You have a chronic health condition and visit your specialist for an annual check-up, but the referral’s expired. You’re told to get a new referral from the GP to claim the Medicare rebate. You take the next afternoon off to see your GP, who gives you another 12 month referral and tells you they can’t backdate it. You’re out of pocket for the specialist fee and gap payment for your GP consultation. You’ll have to do it all again next year.
Common issues like this are highlighted in a new report on the specialist referral system out today by the Deeble Institute for Health Policy Research, the research arm of the Australian Healthcare and Hospitals Association.
The report, which we co-authored, finds shortcomings in a broken referral system, plagued by poor data collection and wasted dollars.

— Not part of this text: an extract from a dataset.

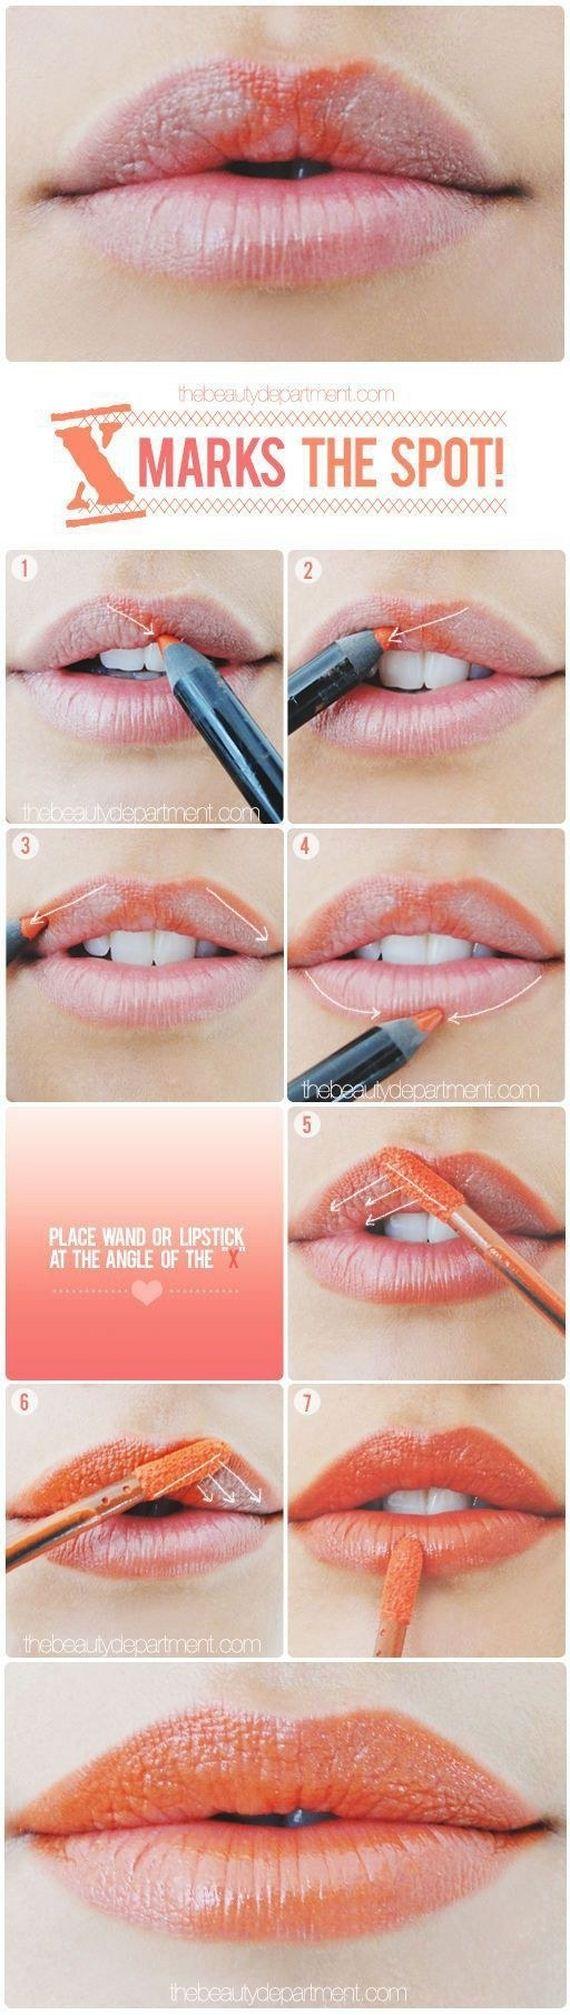 14-your-lipstick

Fixing these issues requires a better understanding of patients’ long-term needs and the health and economic consequences of the medical referral system.
Chronic illness is more common now
The rules about specialist referrals were developed in the 70s, when acute illness was more common.
Now more people each year are being diagnosed with a chronic illness, needing long-term specialist management.
They will often need multiple referrals, depending on how many specialists they see and when these referrals expire. This can be a frustrating financial and logistical burden and can even cause some patients to delay treatment.
Referrals can be too short
Different types of health-care workers can refer you to specialists or consultant physicians. The duration of the referral ultimately depends on who issues it.
GPs commonly limit their referrals to fixed terms, even though indefinite referrals are possible. Specialists can only issue referrals to other specialists for three months, and this rule poses serious challenges for many vulnerable people.
One example, taken from a review of Medicare in 2016, is of cancer patients receiving different types of therapy, where the radiation oncology treatment lasts longer than three months. When the referral expires, the patient needs to obtain a new one to continue treatment.
Issues the review identified about the three month rule included difficulties providers had in interpreting the rules, leading to improper Medicare billing practices. This echoes previous concerns.
Why are referrals stuck in the 70s?
Regardless of the burden on patients, health-care workers and Medicare, both sides of government have shown little interest in changing the referral rules.
This is largely because of the general principles that sit behind them. These include the need to keep people away from expensive specialist care and the importance of GPs as gatekeepers of the health system.